Transferrin is an iron-binding glycoprotein that delivers iron to cells via the transferrin receptor (TFR1). In cell culture, transferrin replaces the iron-carrier function of serum, supporting proliferation and productivity in serum-free and chemically defined media. Cells require iron for DNA synthesis, mitochondrial respiration, and enzymatic activity, but free iron catalyzes oxidative reactions that damage cells. Transferrin safely sequesters iron and delivers it into cells through receptor-mediated endocytosis, making it the biologically preferred iron source in serum-free bioprocessing (Luck & Mason, 2012; Kawabata, 2022).
What Is Optiferrin Made From?
Optiferrin is produced recombinantly using InVitria's ExpressTec expression platform, a non-mammalian, non-human expression host with no animal-derived, human-derived, or blood-derived materials. Manufacturing is fully animal-origin-free, from raw materials through production equipment to product-contact packaging. The expression system produces a protein structurally and functionally equivalent to human plasma transferrin, but without the pathogen risk, lot variability, or supply constraints associated with plasma-derived or mammalian cell–derived transferrin. This non-mammalian origin also eliminates the viral clearance validation burden that accompanies mammalian-derived biologics in regulated manufacturing.
Why Can't I Just Use Iron Salts or Iron Chelators Instead of Transferrin?
Cells require iron for DNA synthesis, mitochondrial respiration, and enzymatic activity, but free iron (Fe²⁺ and Fe³⁺) catalyzes Fenton chemistry, generating reactive oxygen species that damage DNA, proteins, and lipid membranes (Kawabata, 2022). Iron salts like iron chloride, ferric ammonium citrate, and iron sulfate deliver iron to the media but don't control how or where it enters cells, exposing cultures to oxidative stress. Iron chelators face similar limitations — they bind iron but don't replicate the controlled, receptor-mediated delivery pathway cells evolved to use. Transferrin-mediated delivery through TFR1-dependent endocytosis is the physiologically correct iron-delivery mechanism — sequestering iron safely in the media and releasing it intracellularly through a controlled endocytic cycle (Luck & Mason, 2012; Lane et al., 2015).
Quality and Regulatory
Is Optiferrin cGMP-Manufactured and Animal-Origin-Free?

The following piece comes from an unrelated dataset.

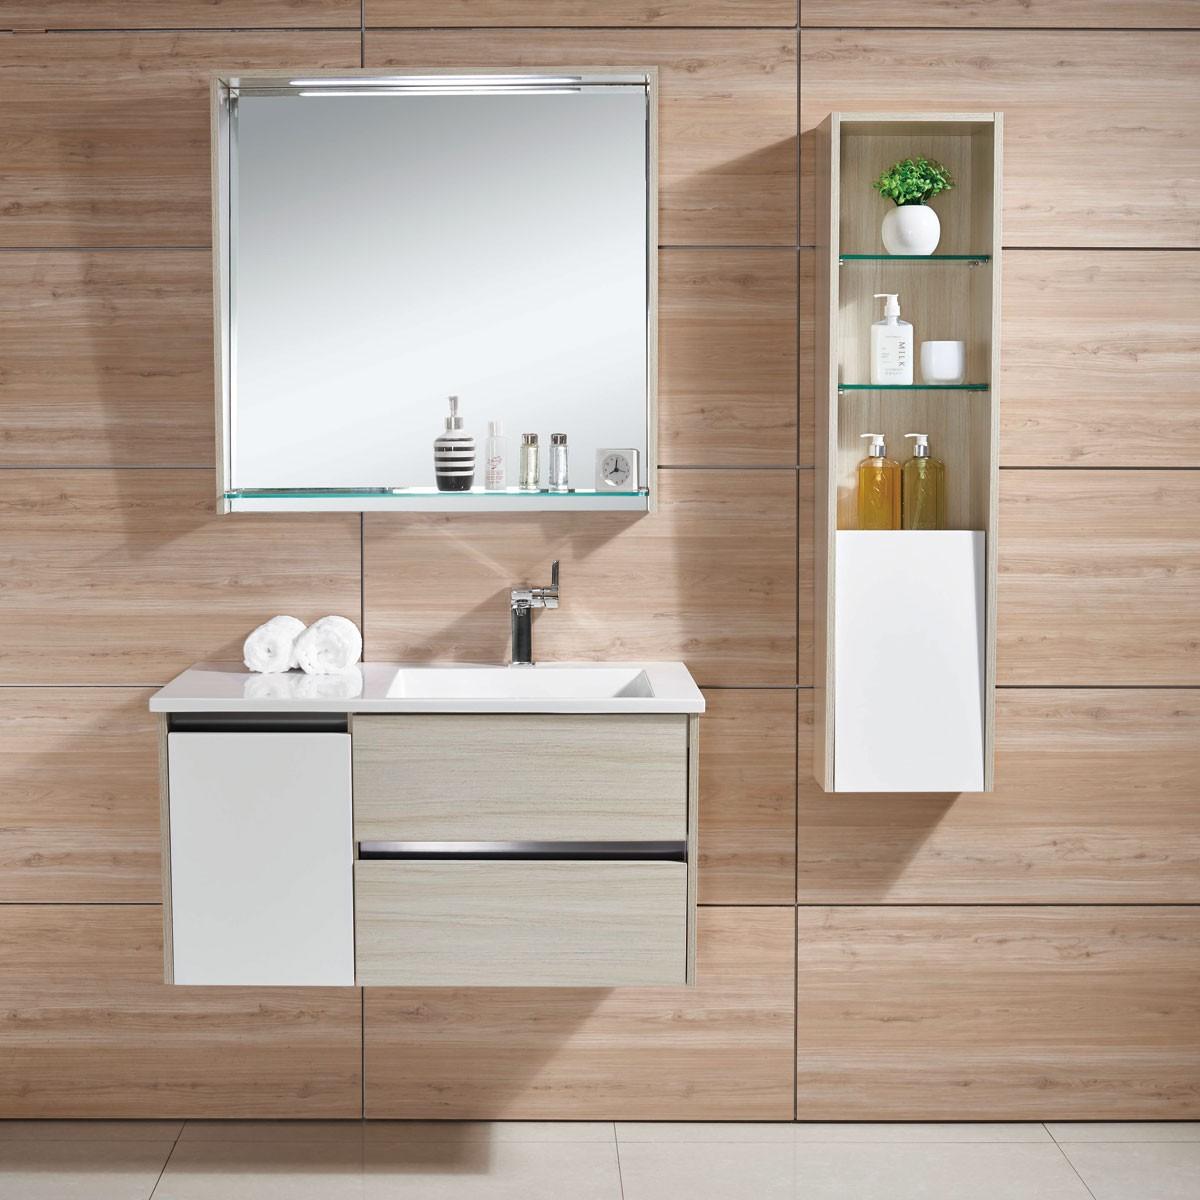 24 In. Wall Mount Bathroom Vanity Set with Single Sink and Mirror (DK-605600)

Yes. InVitria manufactures Optiferrin under a cGMP-compliant Quality Management System (QMS) with respect to 21 CFR Part 210/211 at its ISO 9001:2015-certified facility in Junction City, Kansas, USA. Optiferrin is 100% animal-origin-free — raw materials, production host, manufacturing equipment, and product-contact packaging are all free of animal-derived components. This combination — cGMP manufacture, animal-origin-free certification, and ISO 9001 quality system — supports use in regulated bioprocessing, IND filings, and clinical and commercial manufacturing workflows.
What Are the Purity and Endotoxin Specifications for Optiferrin?
Optiferrin release specifications include: Total Protein >90%, Purity ≥95%, Endotoxin ≤1.0 EU/mg, pH 6.0–8.0, Solubility and Moisture within validated ranges. The product is supplied as a lyophilized powder of recombinant DNA origin.
What Quality Documentation Is Available for Optiferrin?
Optiferrin is supported by a Certificate of Analysis, Safety Data Sheet, Guidelines for Use, Certificate of Origin and Animal-Free / TSE-BSE Statement, ISO 9001 certificate, and cGMP Statement. Additional Quality and Regulatory documentation is available on request — including Regulatory Support Files for IND filings and materials for supplier qualification in cell therapy, gene therapy, and biologics production.
Does InVitria Provide a Drug Master File (DMF) or Equivalent Regulatory Documentation for Optiferrin?
InVitria provides a product-specific Technical Summary for Optiferrin containing CMC-style documentation — including manufacturing process, raw material controls, characterization data, release specifications, and lot analysis — designed to support customer regulatory submissions globally, including IND, BLA, and comparable filings under FDA, EMA, and other regulatory authorities. Unlike a Drug Master File, the Technical Summary is provided directly to the customer for incorporation into their own regulatory documentation, giving customers full visibility into the CMC information and supporting global filings without being tied to a single regulatory pathway. The Optiferrin Technical Summary is supported by per-lot Certificates of Analysis, Animal-Origin-Free / TSE-BSE statements, ISO 9001 certification, cGMP statements, and change notification under defined policies. Contact us to request the Technical Summary.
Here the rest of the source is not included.